A Song of Spice and Fire
The night’s chill lingered into the early morning, coming through my window, rustling my curtains in their wake. Birds hooted from their branches: It’s time, it’s time. Bodega cats crawled from beneath their milk crates and yowled at the rising sun. In the distance, like on Coney Island where there’s space, a tumbleweed rolled through a yard.
I awoke instantly, and I knew my call had come: Today I would drink my first Pumpkin Spice Latte.
I dressed in the dark, quickly and quietly, adrenaline running through my veins. What does one wear on the most important day of her life? a voice in my head wondered. The same thing one wears into battle.
I put on a chunky knit sweater. Fall is coming.
I’m a simple woman; I drink water and wine and the blood of my enemies. For years, I have kept myself from consuming Those-Which-Must-Not-Be-Named, out of fear, and wonder, and a general dislike of pumpkin.
But as time went on, I began to feel alienated: friends and strangers alike welcomed the increasingly cold weather, smiling, their faces turned toward the chill, a white Starbucks cup glued to their hand. They could do anything with their lattes, possessing an inner strength that didn’t accompany my black coffees and Red Bulls. When I was weary, they were refreshed; when I was weak, they were strong. When I was hungover, they were totally fine, but donned giant sunglasses and carried a Starbucks cup totally unironically and managed to look good. I’d barf on the subway tracks, and look up at them, eyes shining. “How do you do it?” They’d grin, and take another sip, the scrawled handwriting on the side of their cups saying it all: “PSL.”
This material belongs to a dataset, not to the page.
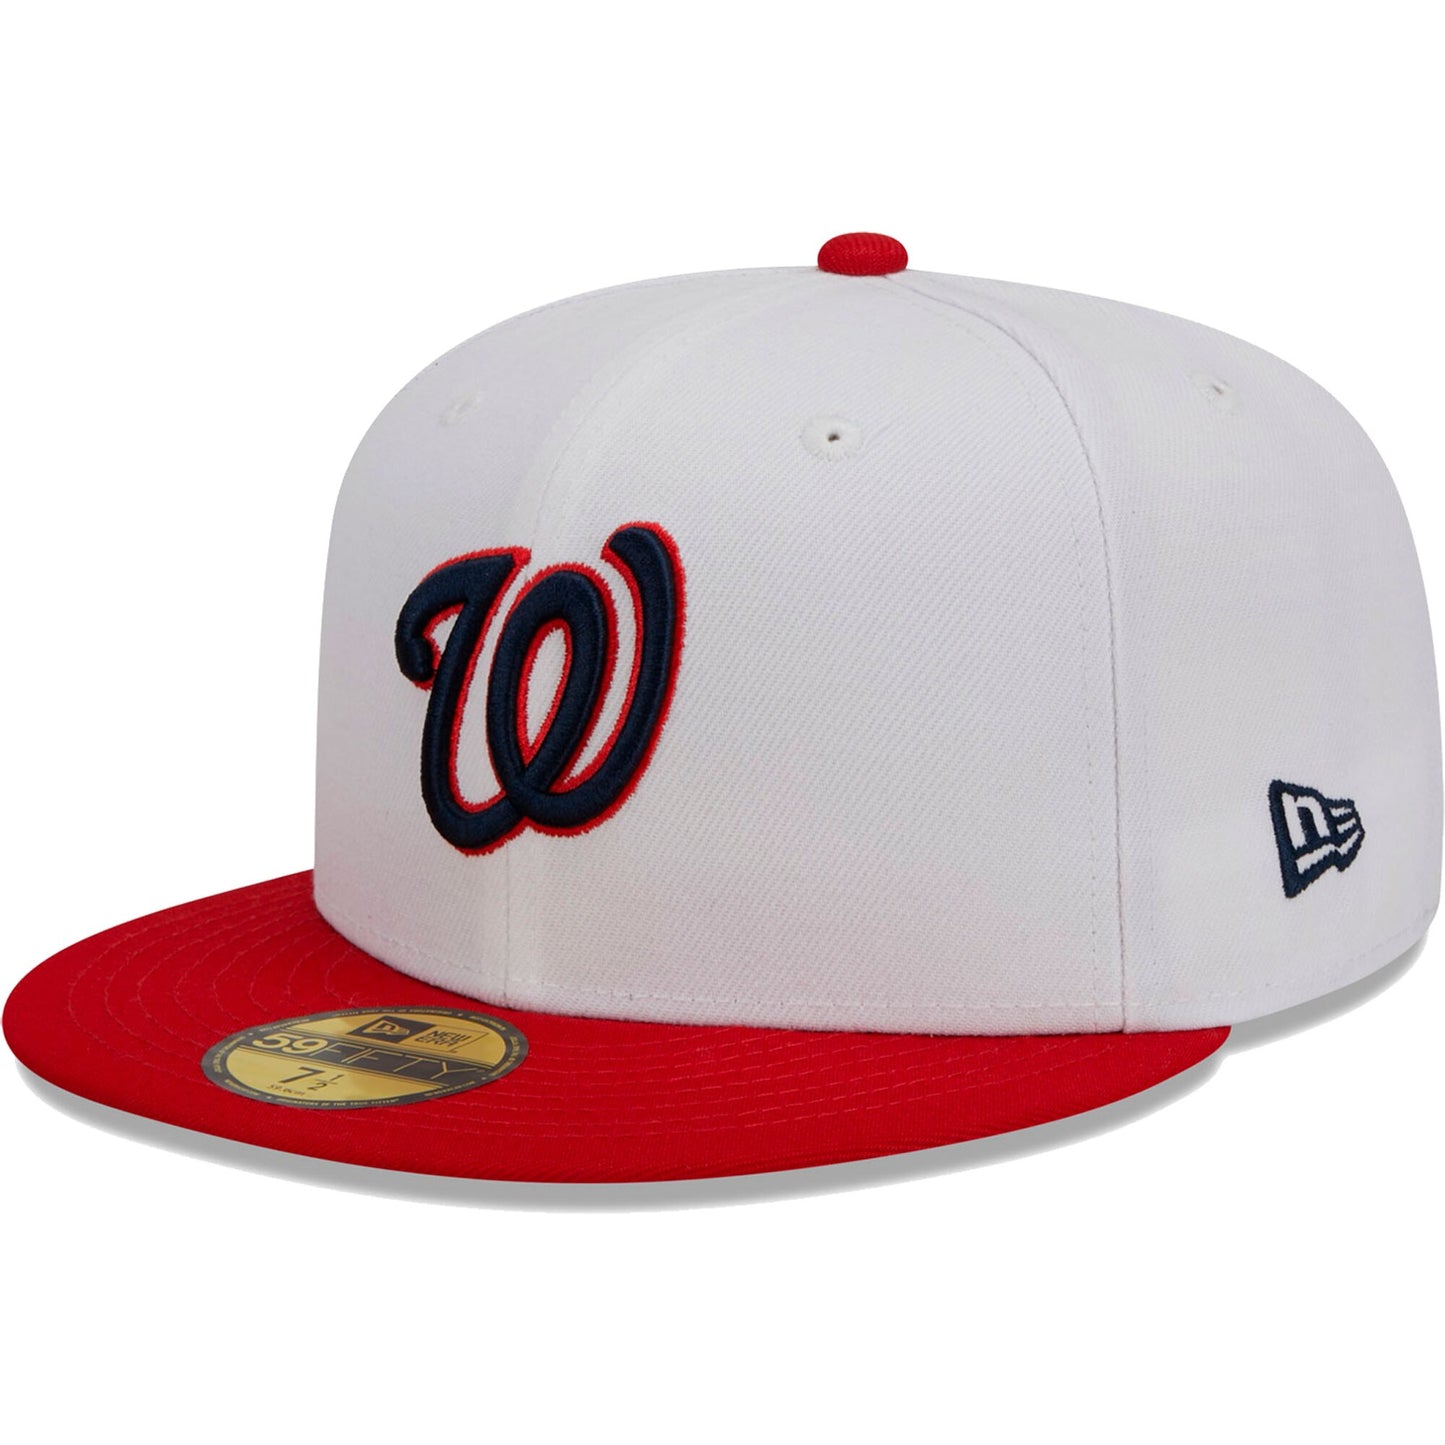 Washington Nationals New Era Optic 59FIFTY Fitted Hat - White/Red

This year, Starbucks released the elixir early, in August, to such widespread critical acclaim the chain was awarded an Emmy. It was on everyone’s orange-stained tongues: they’re baaaaaaaack.
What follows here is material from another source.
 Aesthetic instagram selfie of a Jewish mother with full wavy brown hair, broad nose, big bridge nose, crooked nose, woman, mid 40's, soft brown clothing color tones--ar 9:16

This summer, the news spread through my rapidly gentrifying neighborhood, running rampant through the hair supply shops and liquor stores, baby boutiques and artisan cheese shops, like a virus: a Starbucks was coming. Did you hear? Do you know what that’s going to do to us? How much longer do we have before the neighborhood is totally over?
Didn’t they realize this is what we needed to survive? That it was the only thing that could save us? Didn’t they smell the spice in the distant air?
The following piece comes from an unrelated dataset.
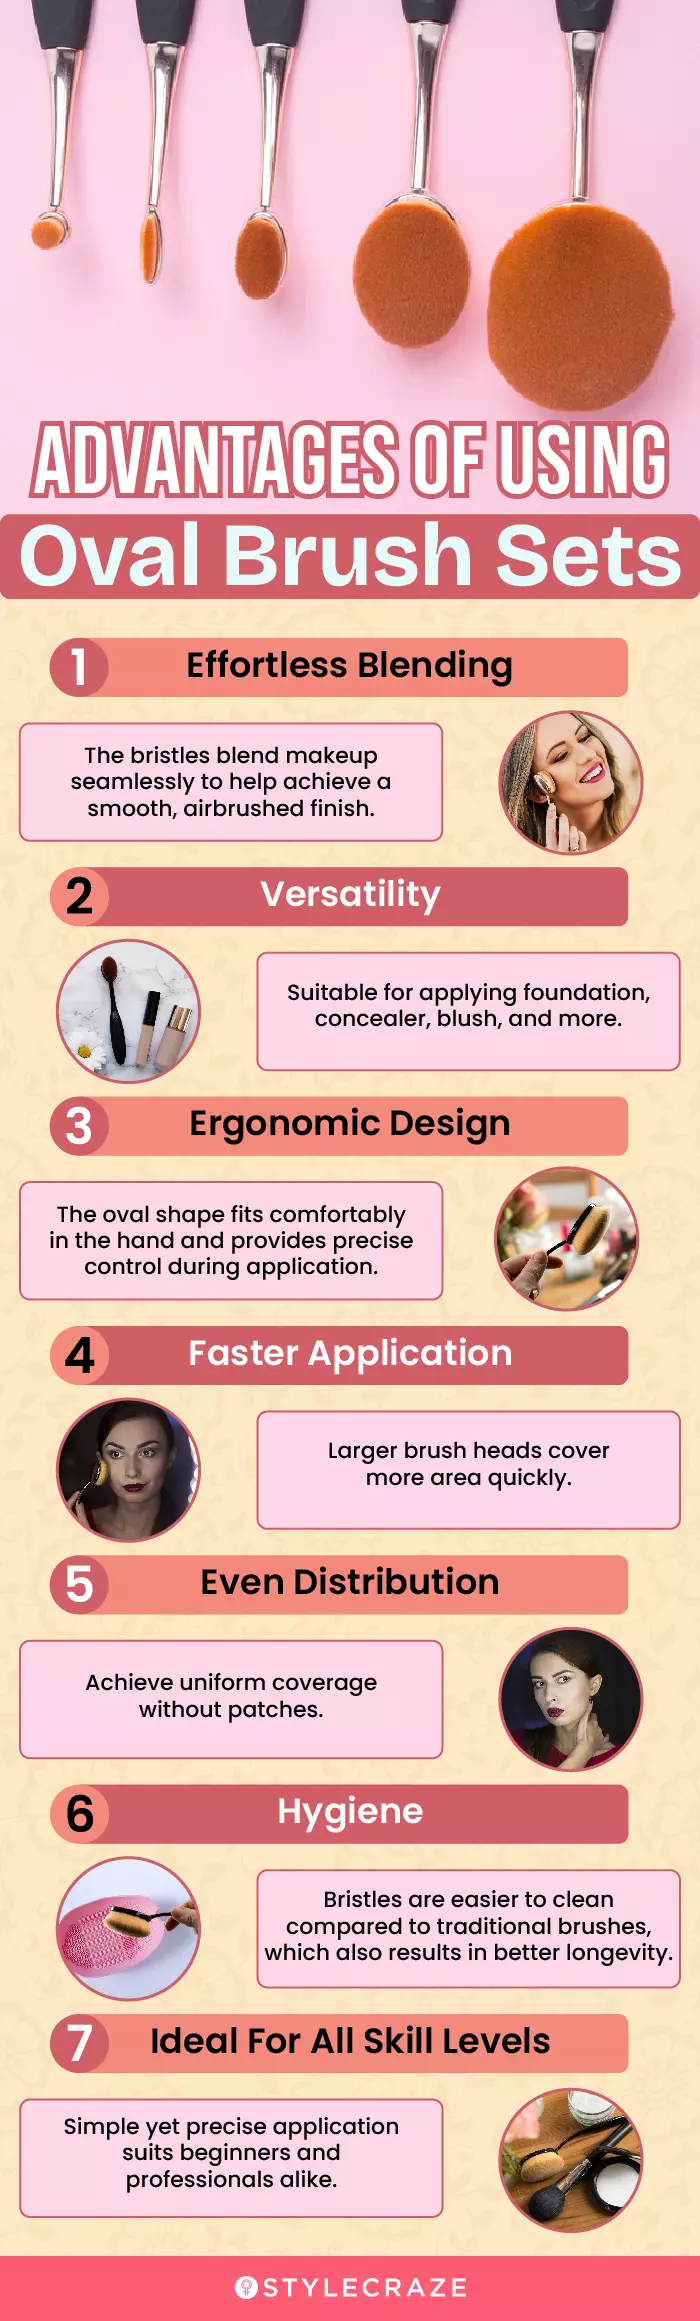 Advantages Of Using Oval Brush Sets (infographic)

I entered the Starbucks at the Atlantic Avenue Terminal at precisely 8:07 a.m. on the day I received the call. The establishment was packed, stuffed with people who obviously already knew what I would soon learn. Customers were arriving grey and sullen, leaving totally transformed, a pumpkin-colored cloud carrying them to their destinations. While online, I googled the nutritional value of the drink: “A Pumpkin Spice Latte has no calories; it is made with goodness and wonder and spices. It is equivalent to eat ten pounds of kale, and you’ll never need to take a vitamin ever again.”
Then, finally, it was my time. I shyly approached the counter, and asked, my voice cracking, “Can — can I have a tall Pumpkin Spice Latte?”
“Sure,” the barista said. “Would you like whipped cream on that?”
I was not prepared for the option. Was the creamy topping essential, or did it dilute the Pumpkin Spice Power? I panicked. “I’m not sure,” I said quietly. “This is my first one.”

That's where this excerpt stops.